A woman named Nancy Kerlin Barnett was buried alongside others near the area in 1831. The other people’s remains were allegedly moved during the early 1900s when the county built a road in that vicinity.

According to WISH, Barnett’s grandson guarded her grave with a shotgun to prevent city officials from moving it. Instead, the county road was built around her grave. By today’s standards, the road doesn’t meet modern specifications and is considered to be unsafe.

County officials excavated the burial site in May to widen the road and preserve the corpses. But a plethora of hair-raising questions were asked after discovering seven sets of bones instead of just one.  

“As it stands right now, it looks at least in the immediate area, by where we feel like where the Nancy Kerlin Barnett grave was, nothing was removed,” said Schmidt.

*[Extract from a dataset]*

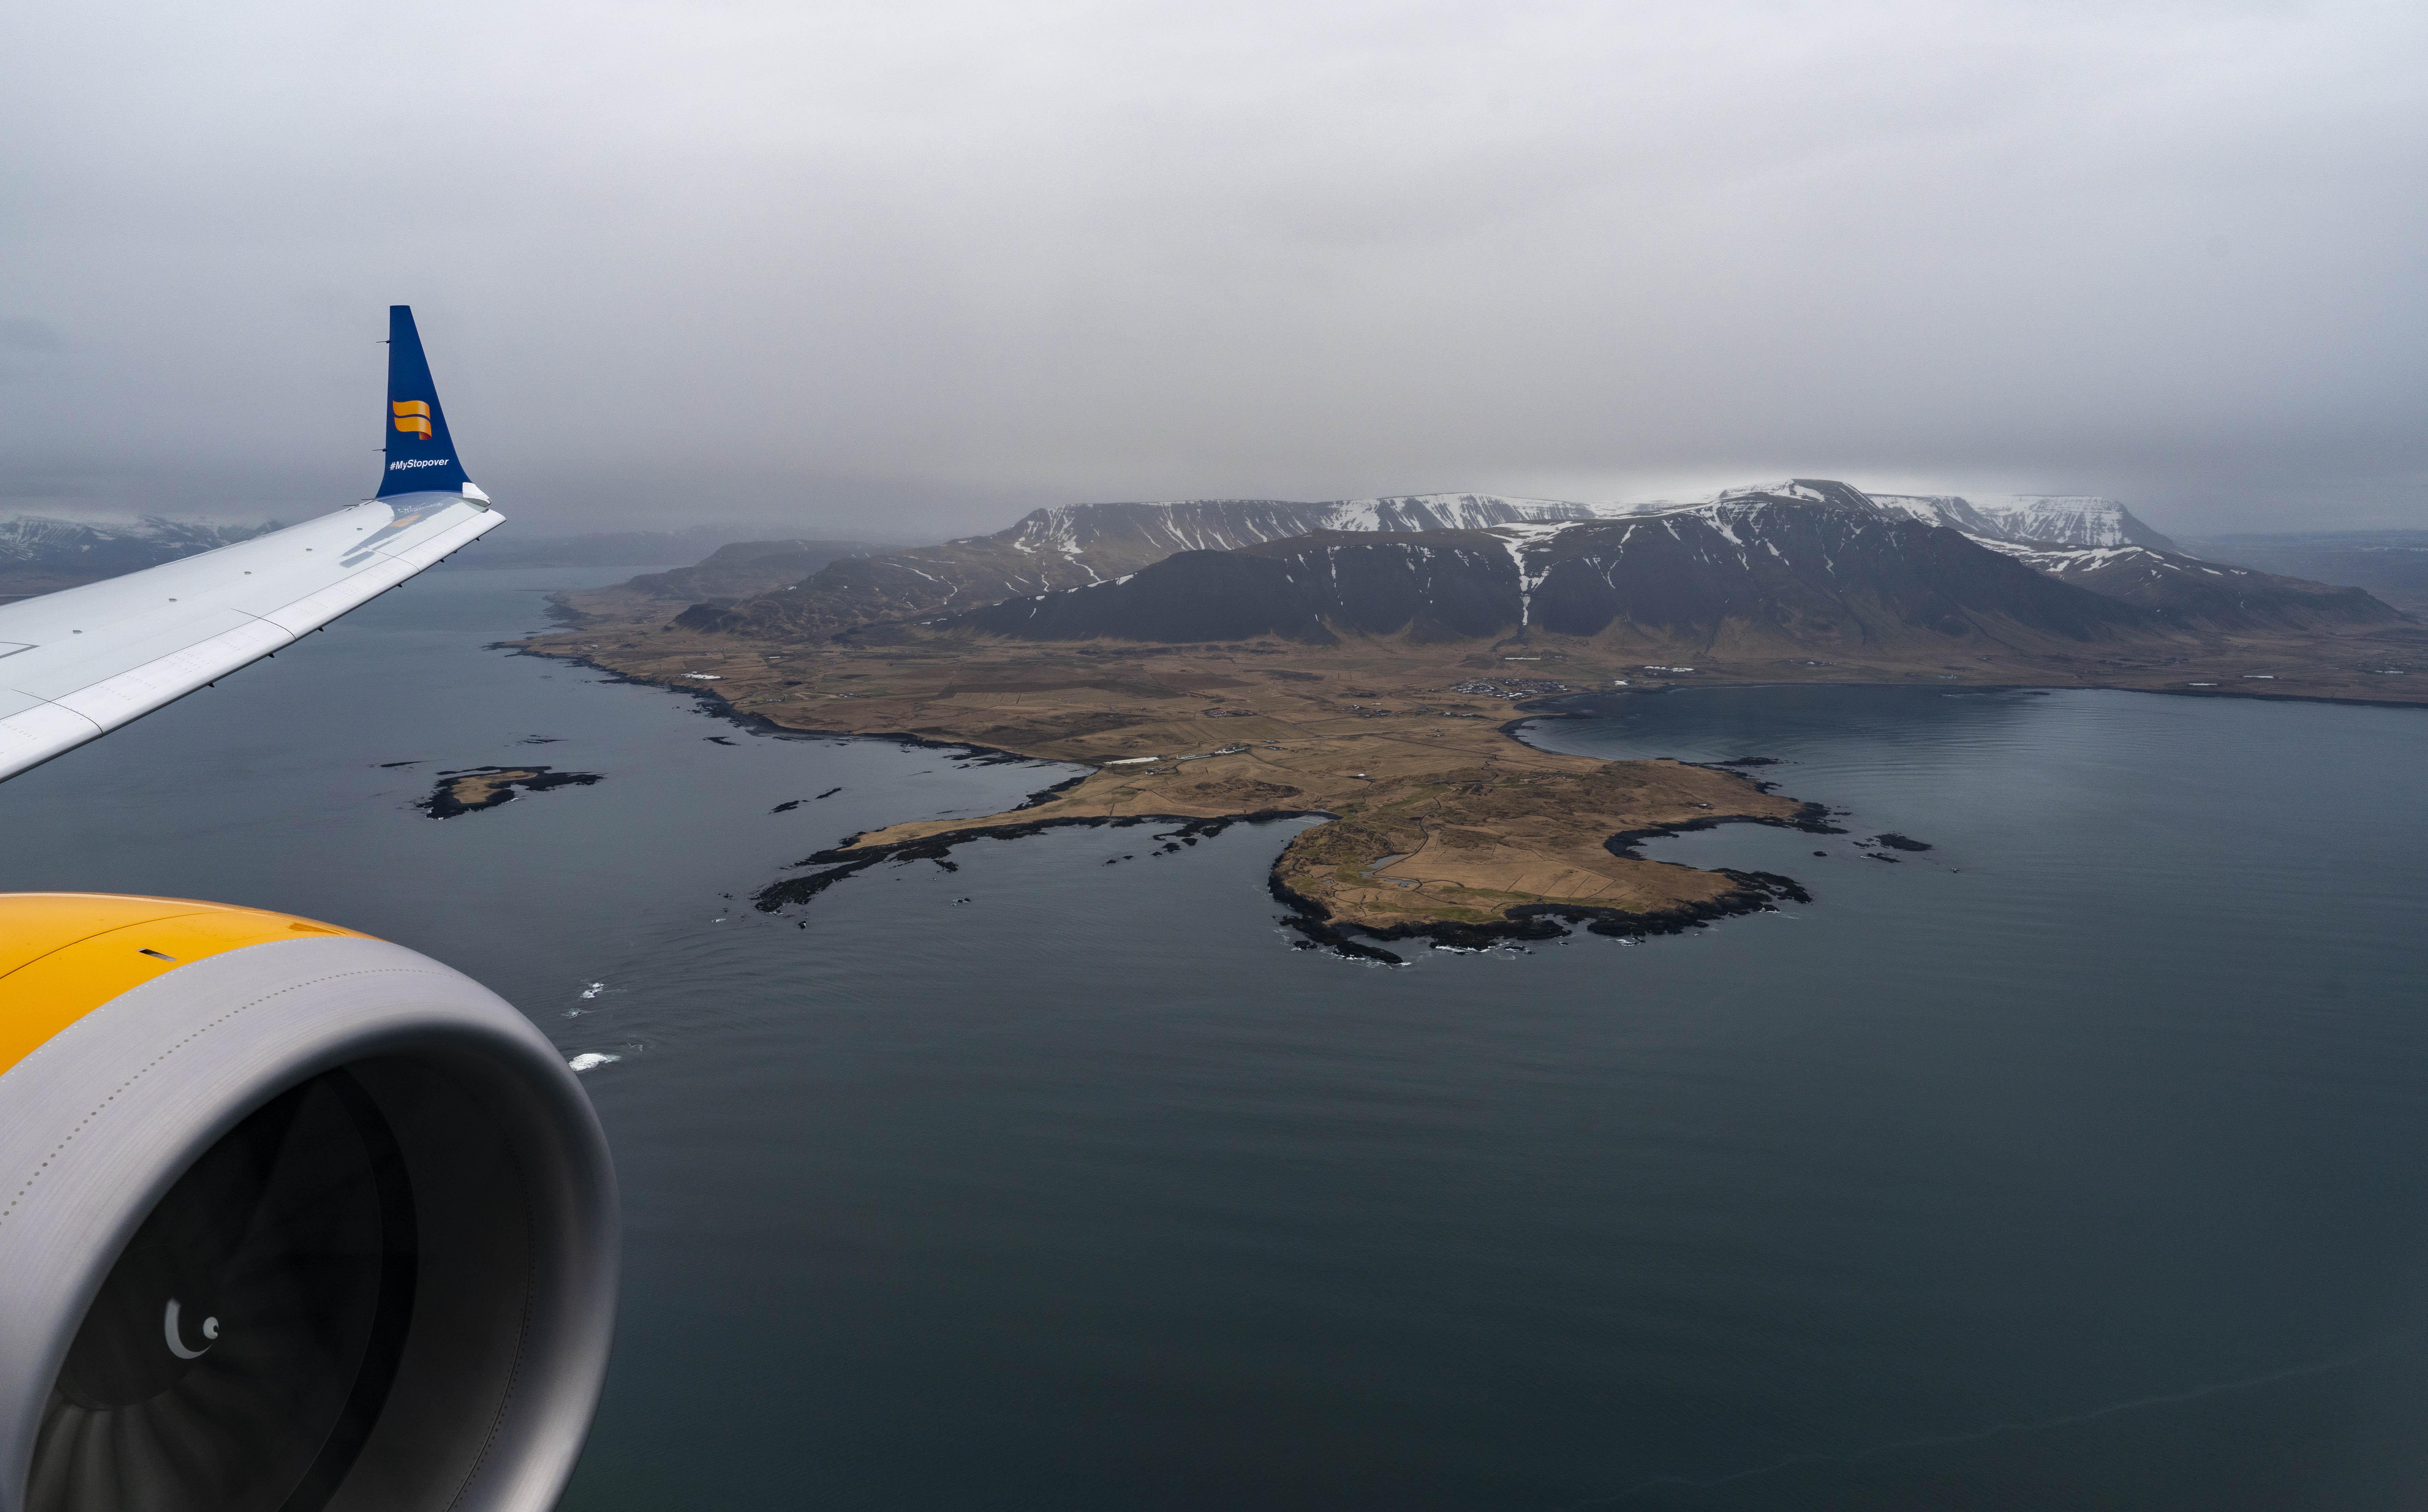 Nye LED-vinduer i Boeing 737 MAX-flyene hos Icelandair giver passagererne en bedre udsigt – blandt andet til denne islagune. Foto: Icelandair

Some are asking if the other bodies were ever moved in the first place.

“I feel like if we didn’t follow that all the way through, then we’ve really done an injustice to not only the family, but to the grave site,” said Johnson County Commissioner Brian Baird.

The researchers hope to learn if the corpses belong to the Barnett family, as well as how things like diet, age and daily life affected people back then.

“It has a unique opportunity to perhaps link together living people with ancient people,” said Schmidt.

Schmidt believes that the site had been excavated and the remains reburied in the past and that at least one set of remains had been scattered.

All the remains will be placed in caskets and reburied in the same place.

“My hope is that going forward it will be viewed as a Barnett-family cemetery in the middle of a street,” Schmidt told IndyStar. “It really is a family plot.”